Die rund 600 Besucher waren der Einladung neugierig gefolgt, um diese außergewöhnliche deutsch-polnische Kulturveranstaltung erleben zu können. Sie waren begeistert und von der außerordentliche Qualität der Veranstaltung regelrecht hingerissen.

"In Deutschland lebt mit etwa zwei Millionen Bürgern die zahlenmäßig größte polnisch-sprachige Gemeinschaft in Europa, außerhalb Polens selbstverständlich. Und es sind viele junge polnische Menschen, die das kulturelle Leben in Deutschland beleben: Das geht von Adam Soboczynski im Feuilleton (Redakteur im "Zeit" Magazin) bis auf das Fußballfeld, wo Lukas Podolski, Miroslav Klose und Co. ihre Tore schießen. Für dieses Engagement stehen auch zwei berühmte Hamburger mit polnischen Wurzeln". (aus dem Grußwort der Senatsdirektorin Marie-Luise Tolle).

Neben einem faszinierenden kulturellen Event hatte die Veranstaltung aber noch mehr zu bieten.
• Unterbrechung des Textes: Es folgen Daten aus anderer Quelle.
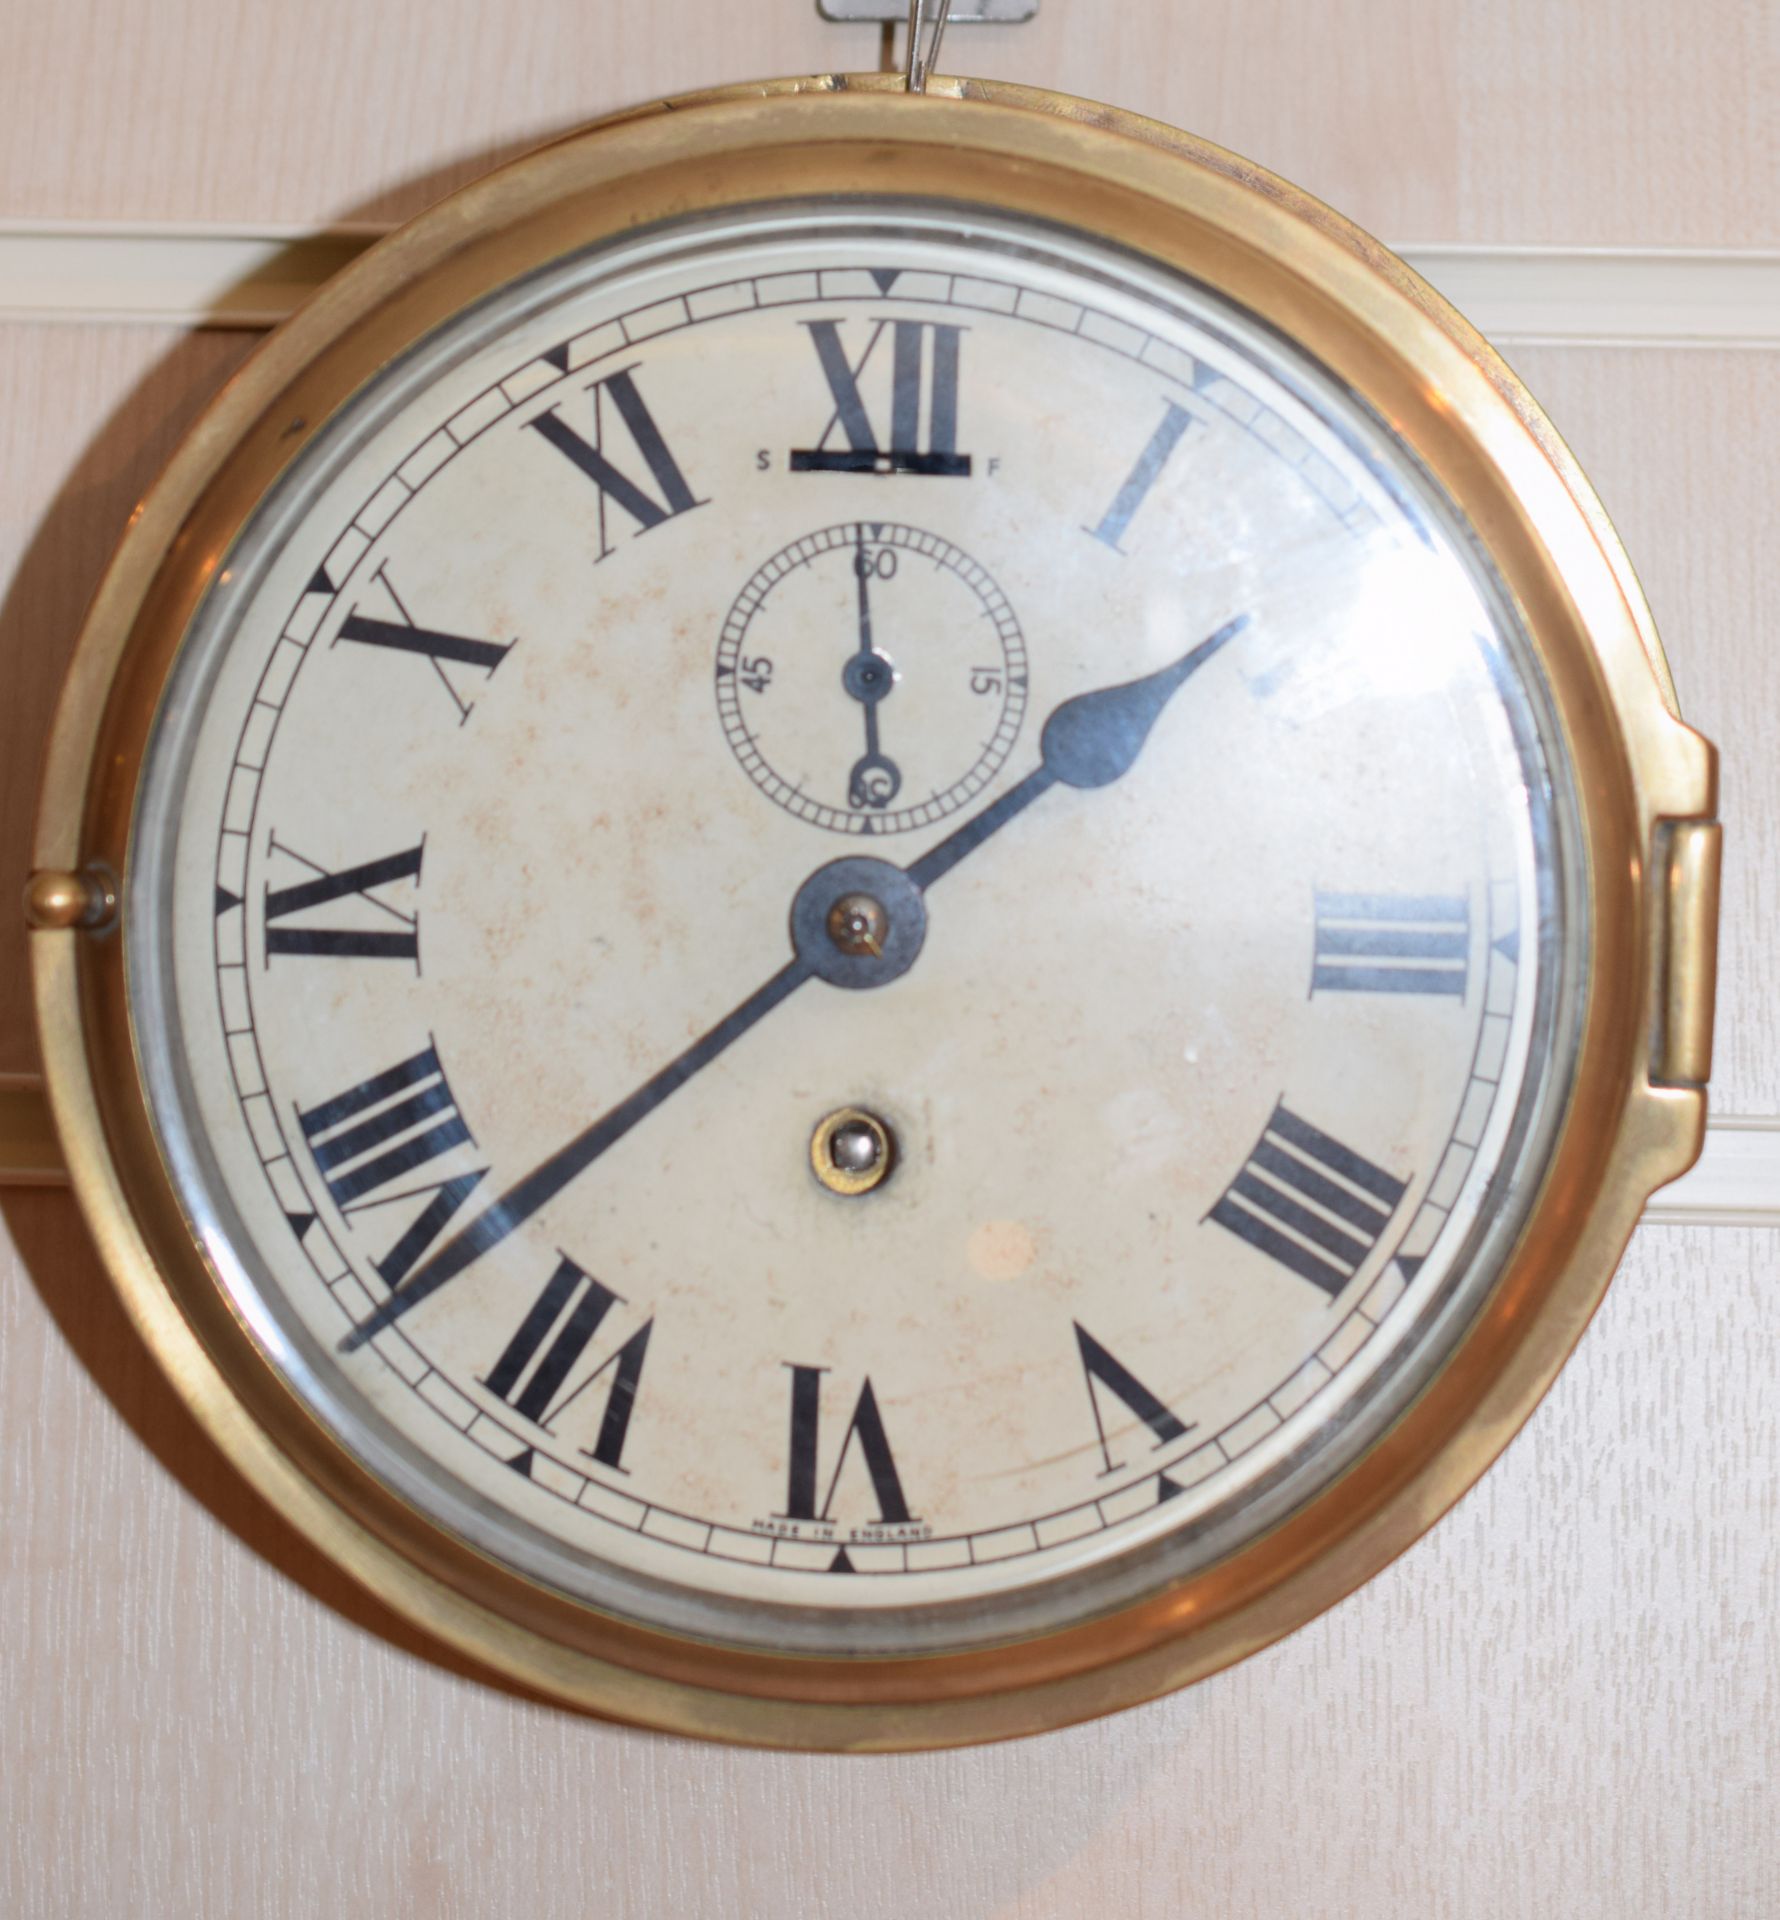 Original Brass Ship's Bulkhead Clock

Viele deutsche und polnische Künstler haben sich dort kennengelernt und austauschen können. Auch die Hamburger Kunstszene (z.B. Horst Werner), hat die polnischen Künstler herzlich aufgenommen und Grundsteine für eine weitere Zusammenarbeit legen können. Schließlich sind die in Deutschland lebenden polnischen Künstler ein perfektes Bindeglied zwischen deutscher und polnischer Kunst- und Kulturszene. Durch ihre regelmäßigen Besuche in Polen sind sie buchstäblich "Kulturbotschafter" zwischen beiden Ländern.
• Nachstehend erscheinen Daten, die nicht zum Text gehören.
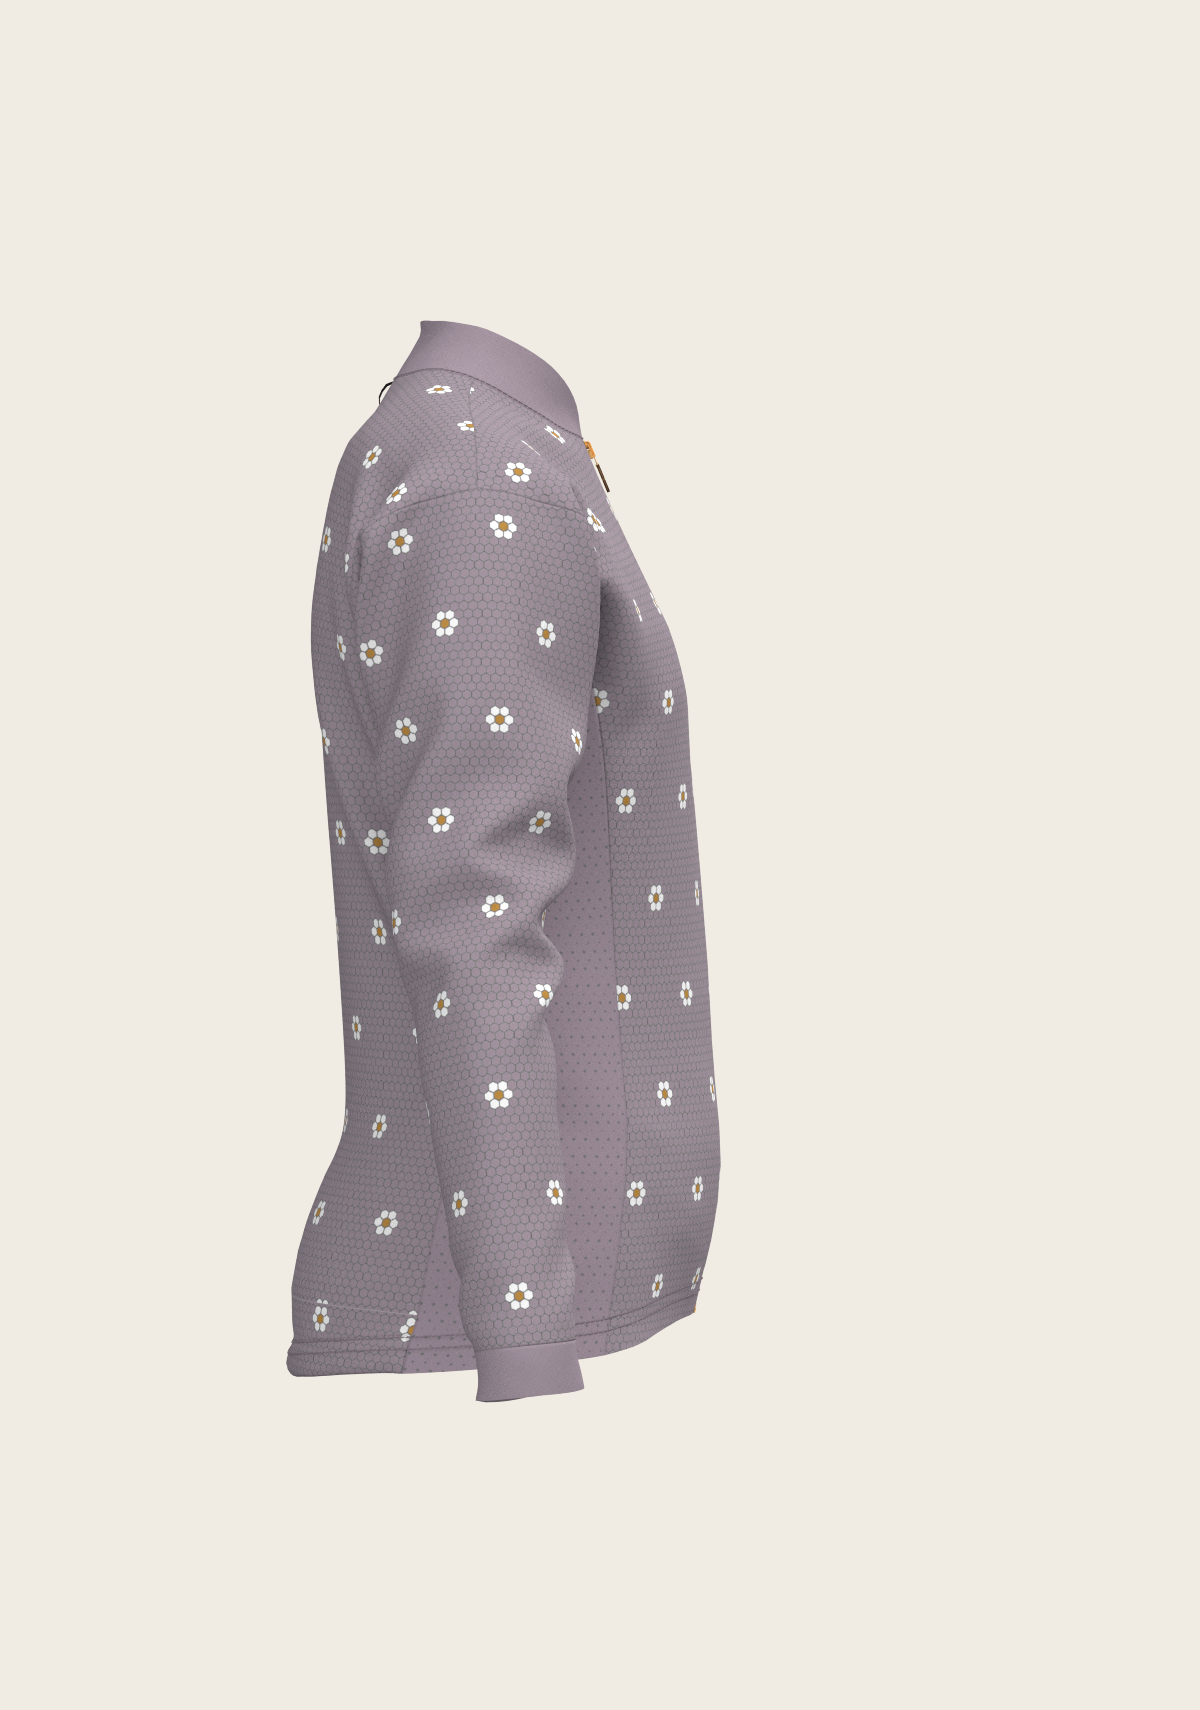 Mosaic Daises in Lavender Children's Long Sleeve Shirt

"Wir haben das Interesse der Hamburger Bürger wecken und damit einen wichtigen Beitrag zum Kulturaustausch leisten können", sagt Mariola Rutschka (agit polska), die Realisatorin und Initiatorin des Projektes. "Die Küntstler in unserer Veranstaltung leben seit Jahrzehnten hier und haben längst eine Doppelidentität. Sie haben das polnische Kulturerbe im Gepäck. Und sie tragen die polnische und gleichzeitig eine deutsche Identität in sich. Polnisches verschmilzt mit Deutschem. Polnisches beeinflusst Deutsches und wird zu Deutschem. Das Fremde wird somit zum Vertrauten", fügt sie hinzu.
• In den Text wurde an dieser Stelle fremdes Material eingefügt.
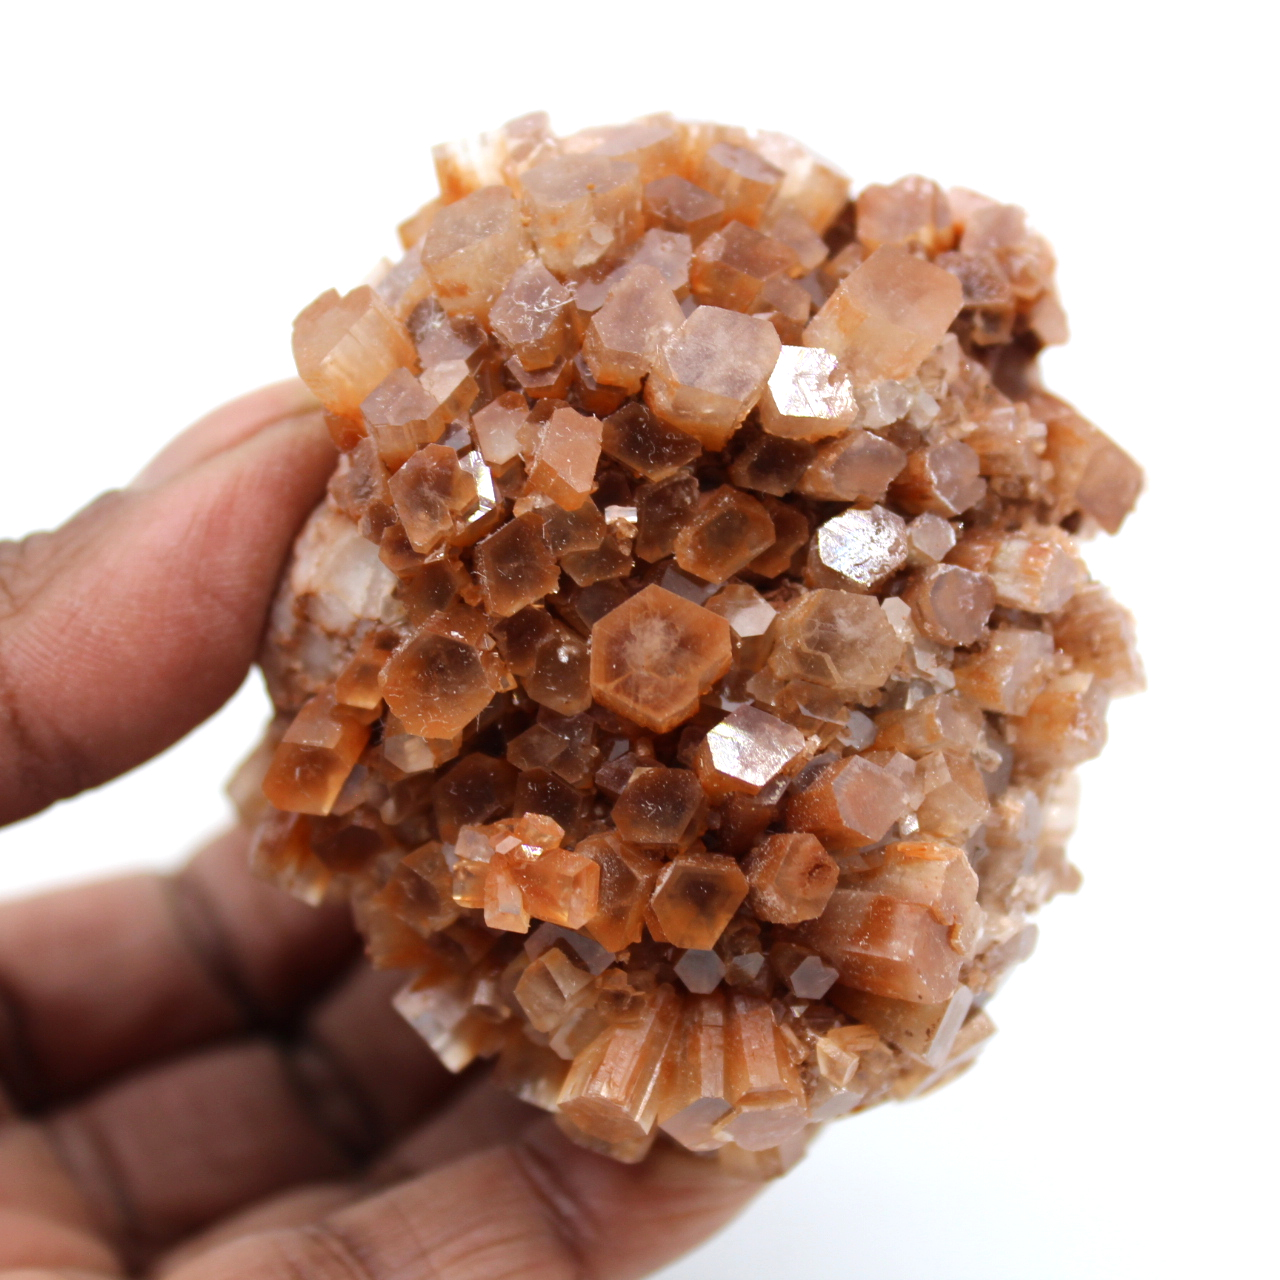 Crystallized aragonite

Das Projekt hat dazu beigetragen, die deutsch-polnischen Beziehungen zu verbessern. Deutsche und Polen haben sich kennen und schätzen gelernt. Deutsche Besucher haben einen intensiven Einblick in die polnischer Literatur, Musik und bildende Kunst höchster Qualität erhalten. Internationale Begegnungen fanden statt. Zum Beispiel mit der Autorin und Publizistin Peggy Parnass und dem Schriftsteller Arno Surminski.

Die rund 600 Besucher waren sich einig: Eine rundum gelungene Veranstaltung die zahlreiche international renommierte Künstler präsentierte:

Alexandra Hinz-Wladyka - Malerei
Halina Bober - Malerei
Jan de Weryha-Wysoczański - Holzobjekte

Angélique Duvier (Sprecherin)
Krystyna Stańko (Gesang, Gitarre)
Vladyslav Sendecki (Piano)

Ewelina Nowicka (Violine)
Mariola Rutschka, Magdalena Erdman (Querflöte)
Waldemar Saez-Eggers (Piano)

Das Projekt wurde mit Unterstützung vom Beauftragten der Bundesregierung für Kultur und Medien aufgrund eines Beschlusses des Deutschen Bundestages und des Generalkonsulats der Republik Polen in Hamburg realisiert.